## Record set

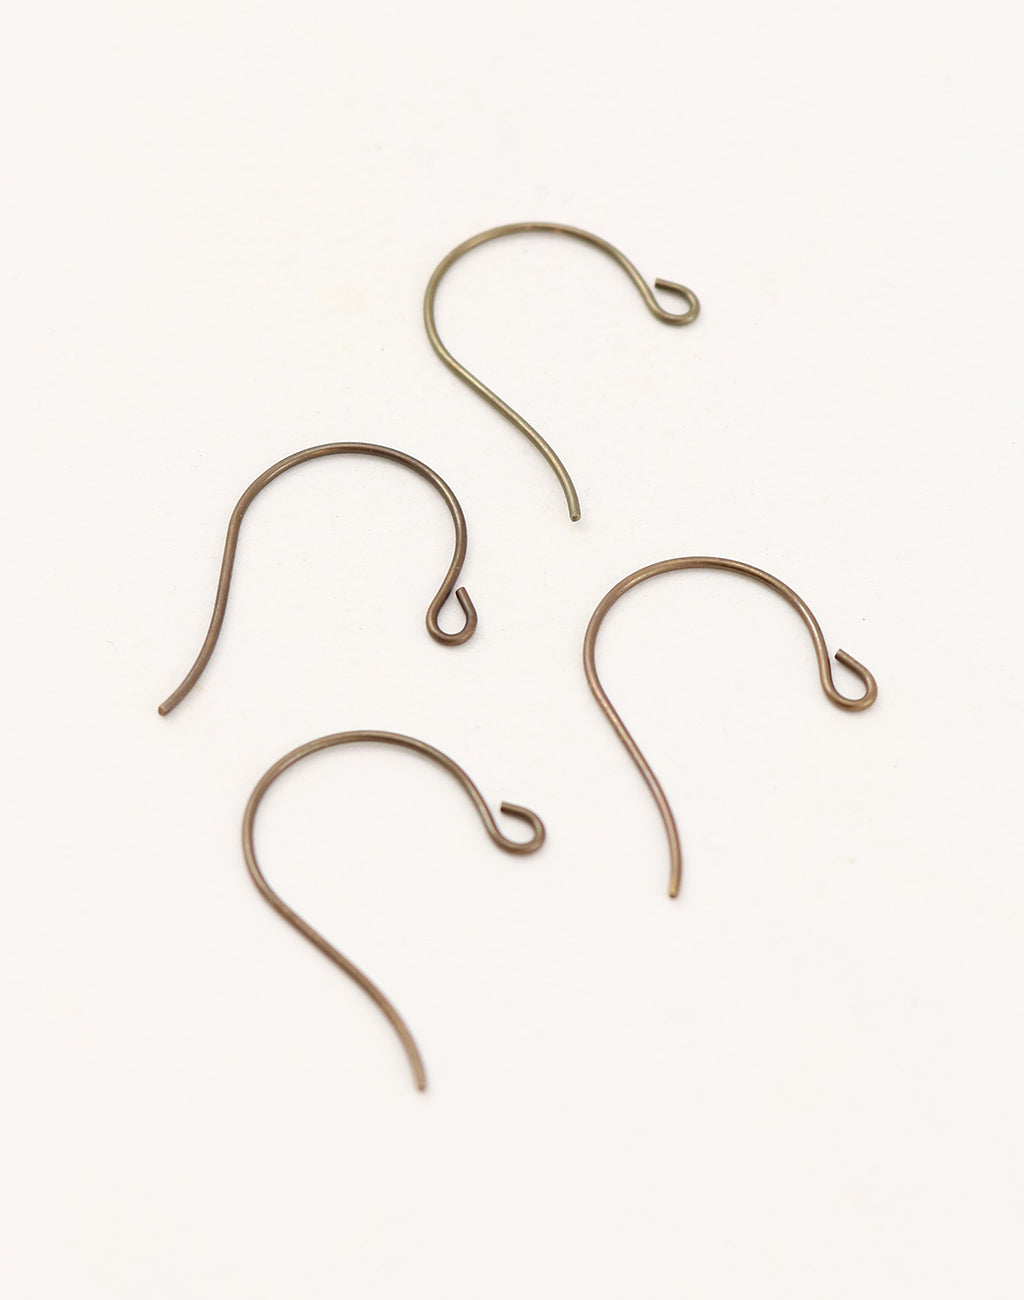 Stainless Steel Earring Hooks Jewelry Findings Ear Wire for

* * *

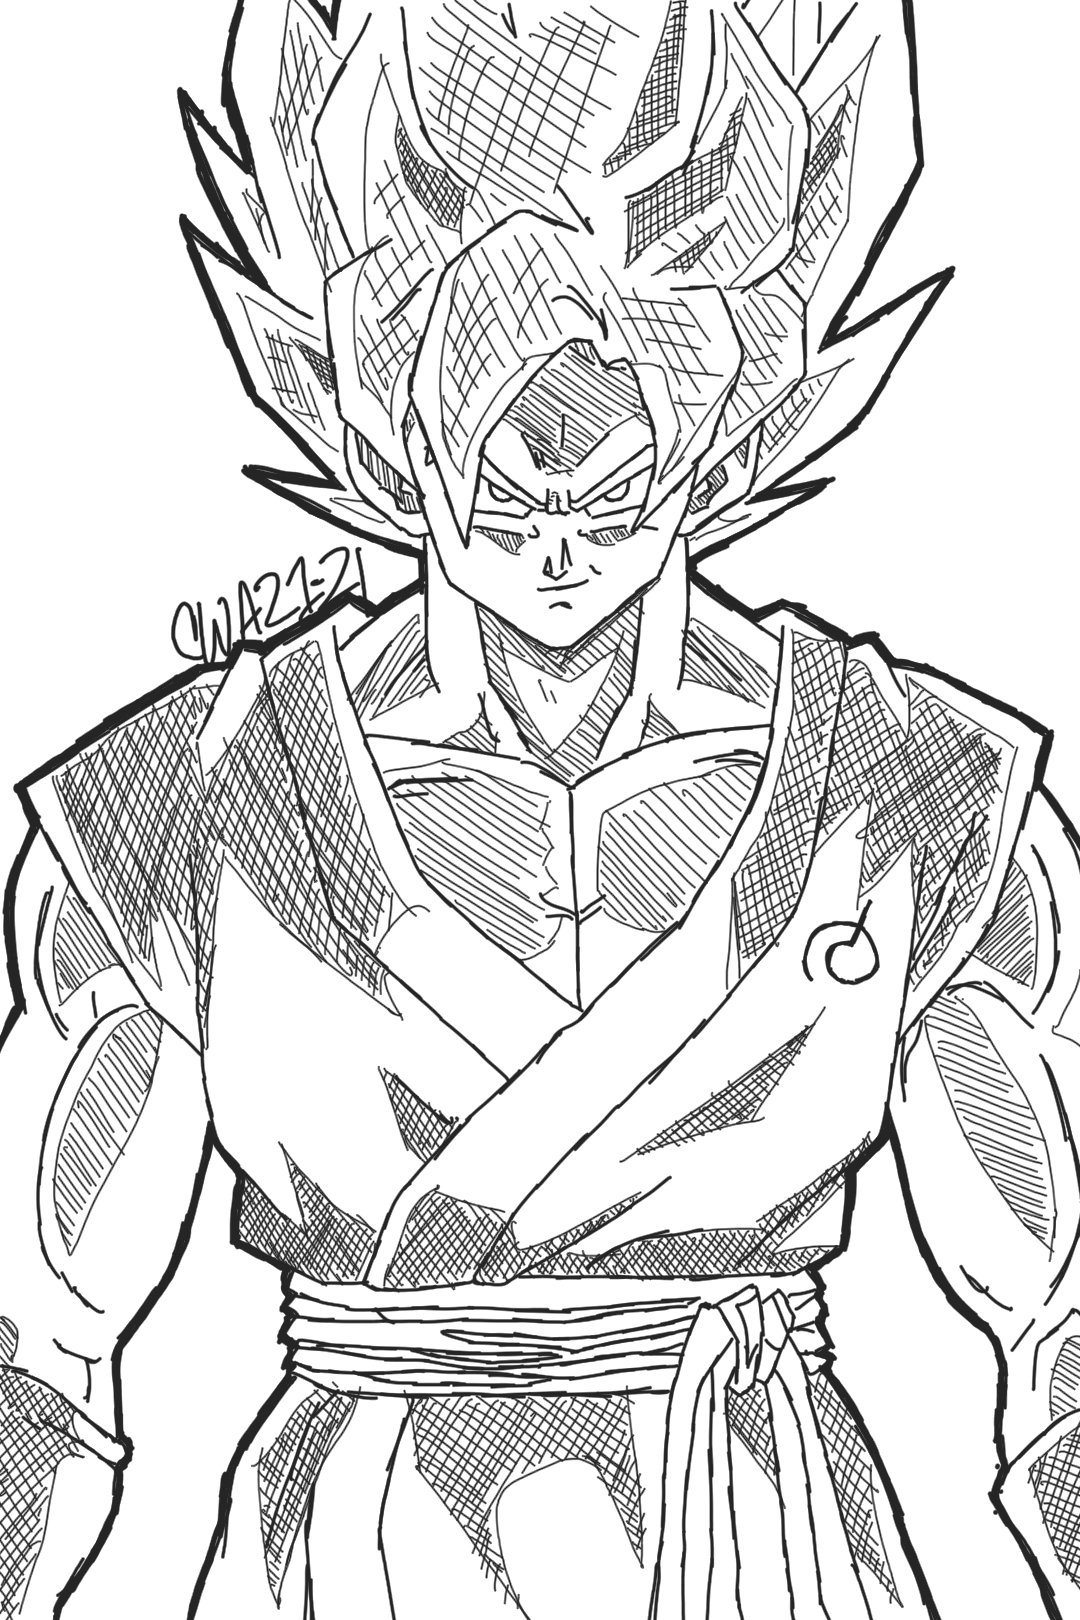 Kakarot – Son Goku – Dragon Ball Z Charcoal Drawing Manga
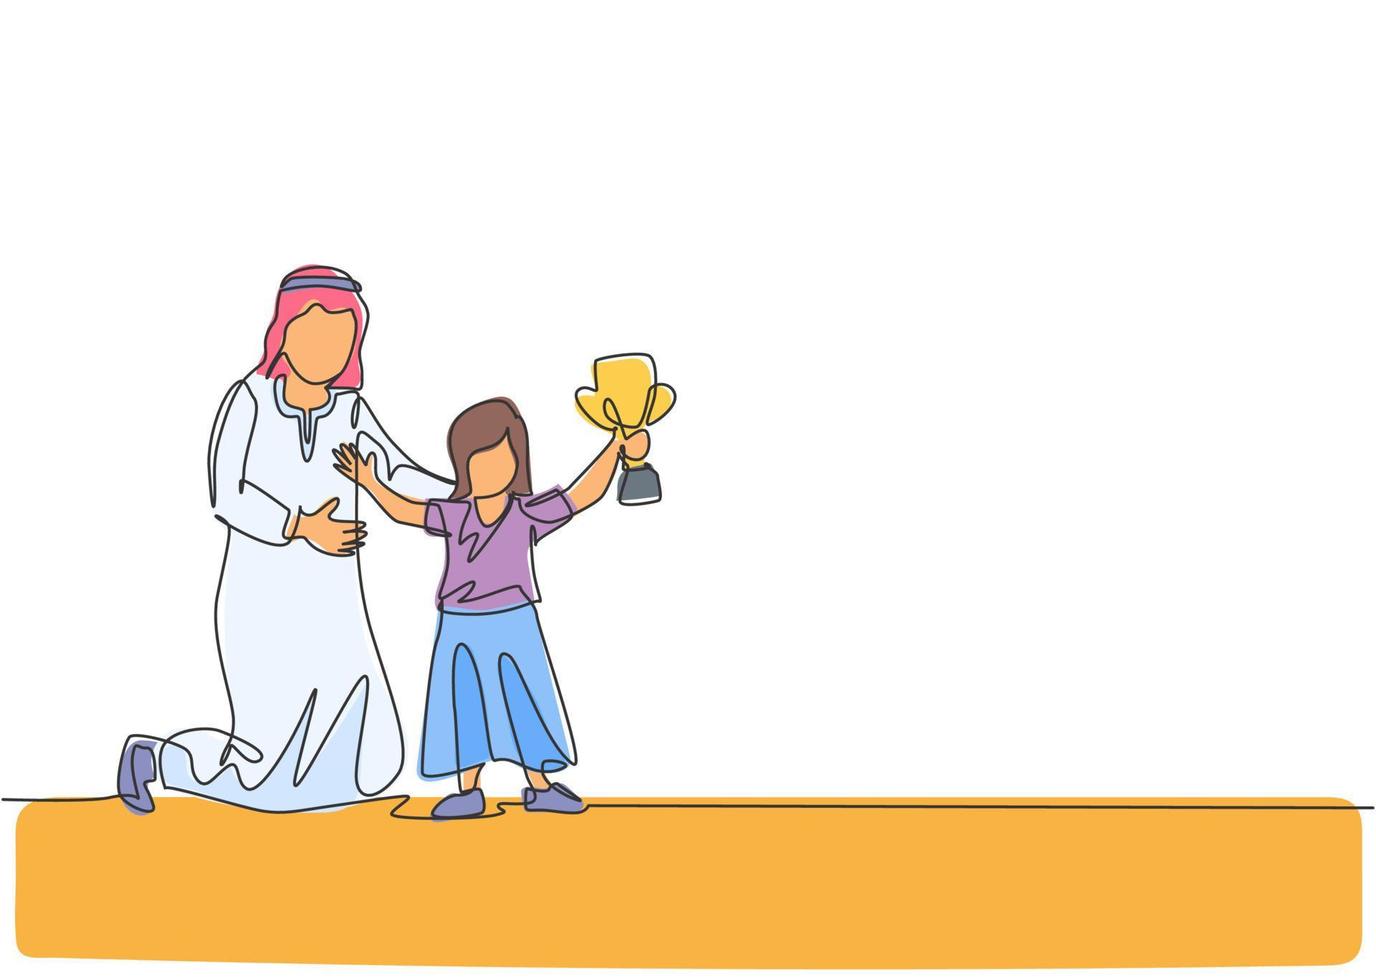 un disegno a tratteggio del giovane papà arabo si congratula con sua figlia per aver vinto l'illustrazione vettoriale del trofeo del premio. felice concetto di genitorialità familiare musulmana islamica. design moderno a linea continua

...

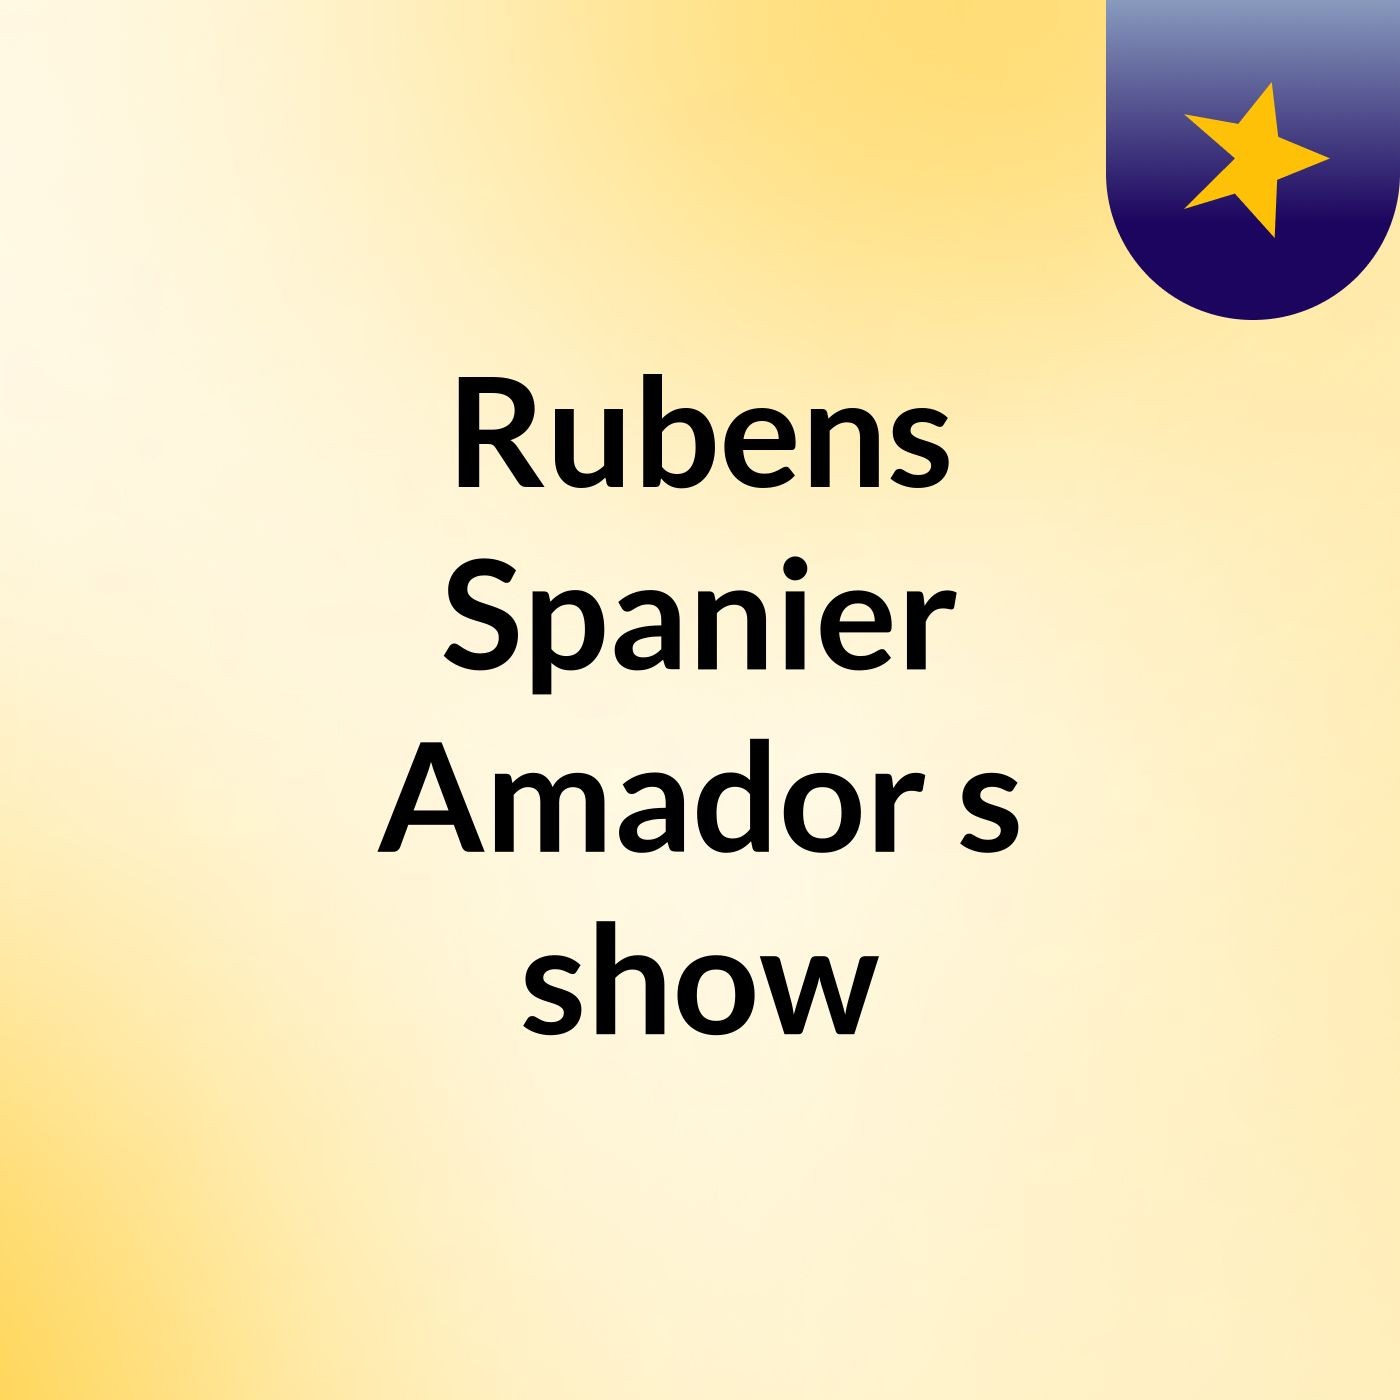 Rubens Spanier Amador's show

## Task instructions
Quote the lines above exactly, starting with the one that has "Kakarot – Son" and ending with the one that has "un disegno a"; drop the pictures and include nothing else.

## Output below
 Kakarot – Son Goku – Dragon Ball Z Charcoal Drawing Manga
 un disegno a tratteggio del giovane papà arabo si congratula con sua figlia per aver vinto l'illustrazione vettoriale del trofeo del premio. felice concetto di genitorialità familiare musulmana islamica. design moderno a linea continua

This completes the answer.